The Homeland Security Department’s Customs and Border Protection agency is piloting the use of mobile devices in the field. Wolf Tombe, CBP’s chief technology officer, says the agency has rolled out the devices to a limited number of users, but once a few implementation challenges are met, the rollout will scale up to 500, including users in all of CBP’s mission offices. The goal is to rapidly scale to 1,000 users, then up to 5,000 users and beyond.
One of the implementation hurdles CBP is working to overcome is finding a way to securely authenticate users on smartphones with the Personal Identity Verification (PIV) cards that the agency’s users receive.
“We are currently exploring a number of options for authenticating these devices against the PIV cards,” Tombe says. “These include secure Bluetooth portable card readers and moving the PIV card certificates and credentials onto the government-owned smartphone or other mobile device. This is being explored in combination with a number of two-factor authentication mechanisms.”
Chris Silva, an industry analyst for the Altimeter Group who focuses on mobility, says CBP’s use of smart cards to access smartphones is likely where most federal agencies are headed. The armed forces have adopted the Common Access Card, or CAC, while many civilian agencies issue PIV cards.
“I think what you’ll see agencies do is use the CAC or PIV cards to access the device or to access a secure portion of the device,” says Silva.
Tombe says CBP wants PIV integration with mobile devices to deliver access to the agency’s internal mobile applications and mission data that may reside in agency applications and databases.
“The data is both data that’s available via the Internet and the use of a virtual private network or related technologies for real back-end data needed to accomplish work,” Tombe says.
A TSA Mobility Pilot
Rich Smith, acting executive director of operations for the Transportation Security Administration’s Office of IT, says TSA also has a pilot that’s testing mobile access to the network via PIV cards. TSA uses PIV card readers in notebooks and keyboards used by agency personnel to access the network.
Smith says TSA also plans to move forward on the Homeland Security Presidential Directive 12 (HSPD-12) authentication strategy for smartphones. He characterized the strategy as an initial operating capability based on metrics established by the Office of Management and Budget.
Smith says TSA plans a phased approach to implementing HSPD-12. In the first phase, the focus will be on implementing PIV card access to the network using individuals’ computers. For Phase 2, TSA will use PIV cards for access to applications and databases and further development of a mobile PIV solution.
While most agencies are taking a cautious approach with mobile accessories, Bill Keely, deputy chief technology officer for mission assurance at the Defense Information Systems Agency, says the Defense Department plans a fairly aggressive program.
“Our goal is for DOD employees to have the same access to information on their smartphones as they do on desktops or mobile notebooks,” Keely says.
Keely envisions an environment in which mobile accessories for smartphones deliver secure access to email, web pages, and DOD transaction and logistics systems.
He says DOD has deployed CAC readers on smartphones with limited success mainly because users find the CACs cumbersome to handle on smartphones.

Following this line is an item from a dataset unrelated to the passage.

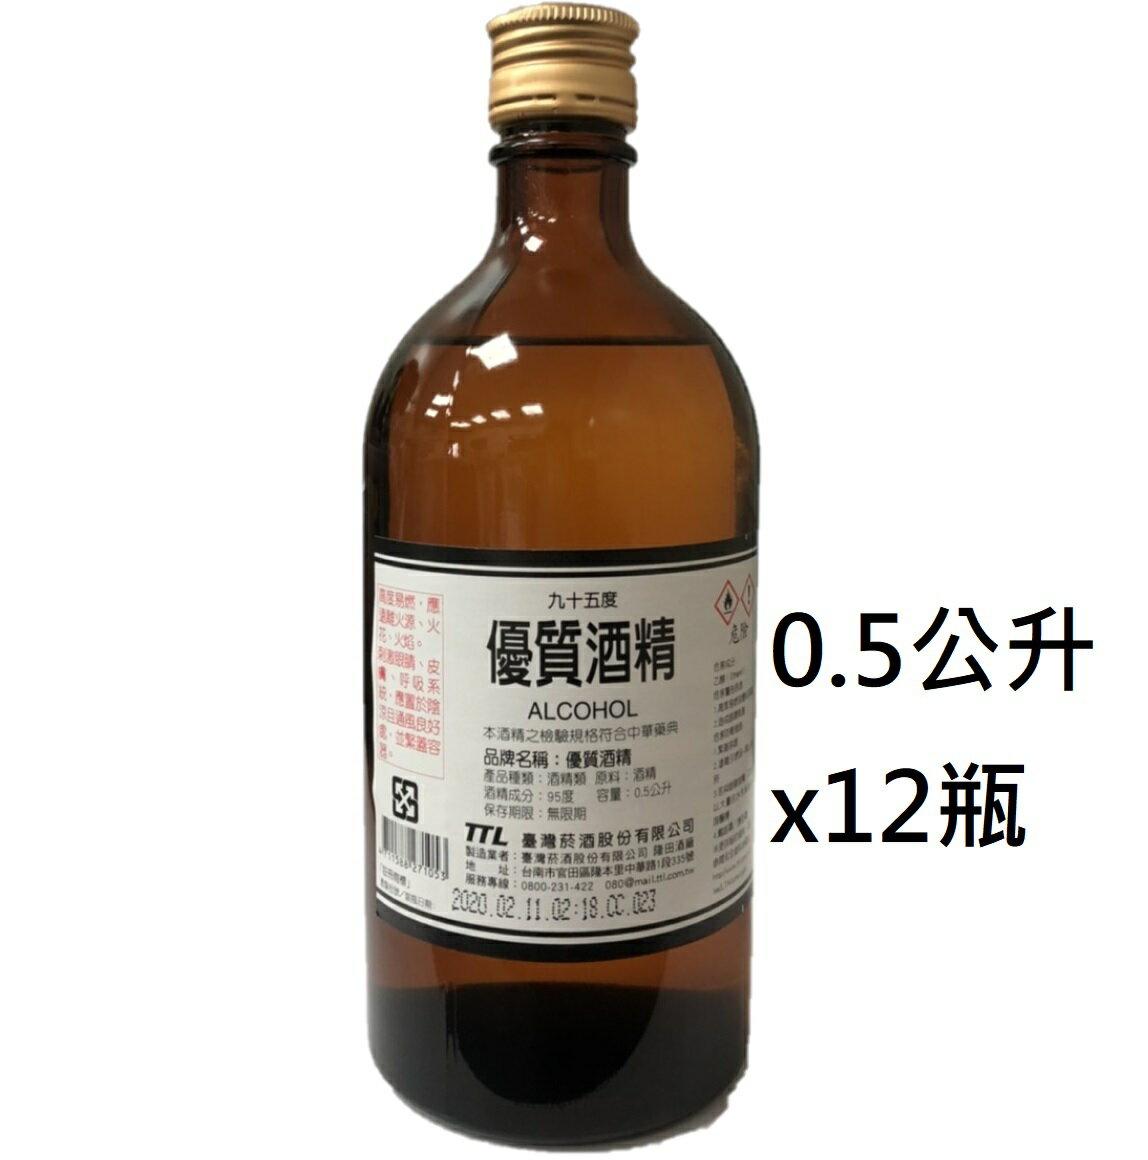 (現貨)酒清消毒器(1機/1酒精包500ml)(1機/2酒精包500ml/包)

But that’s not stopping the department, Keely says, adding that DOD plans to test several other smartphone accessories. These include software-based certificates and a sleeve-style smart-card reader, which encloses the entire phone in a form-fitting sleeve that offers access to an integrated smart-card reader. It is less bulky than the separate wireless CAC readers DISA first deployed. Other options include a trusted platform module chip that could authenticate a smartphone, and a dongle that could be attached to a phone much like an external hard drive on a PC or notebook computer.
“I don’t think that there will be a one-size-fits-all solution,” Keely says. “With somewhere between 3 to 4 million people in the military worldwide, that would be impossible. Moving forward, I see us going with a few different solutions.”
As Always, Security Comes First
Securing smartphones as they grant access to more services has been a challenge that has vexed IT managers at federal agencies. Topping the list: the obvious question of what happens if the phone is lost or stolen?
CBP’s Tombe says his agency plans to explore mobile device management solutions that can secure mobile devices via encryption that meets Federal Information Processing Standards. He says the MDM solutions allow for automatic wiping of a device in situations such as if a user tries too many unsuccessful logins or if the device goes beyond a geographic boundary.
“We are also working with our partner vendors to ensure that enhanced security controls in compliance with standards established by the National Institute of Standards and Technology are included by both hardware and software manufacturers,” Tombe says.
TSA’s Smith says smartphones are deployed either fully encrypted or with software that creates a virtual sandbox so that agency information is contained. “Once users report the phone is stolen or lost, TSA can remotely wipe the data,” Smith says.
Although relatively few agencies have mainstreamed smartphone accessories, efforts are well under way for the federal government to take the next step in mobility.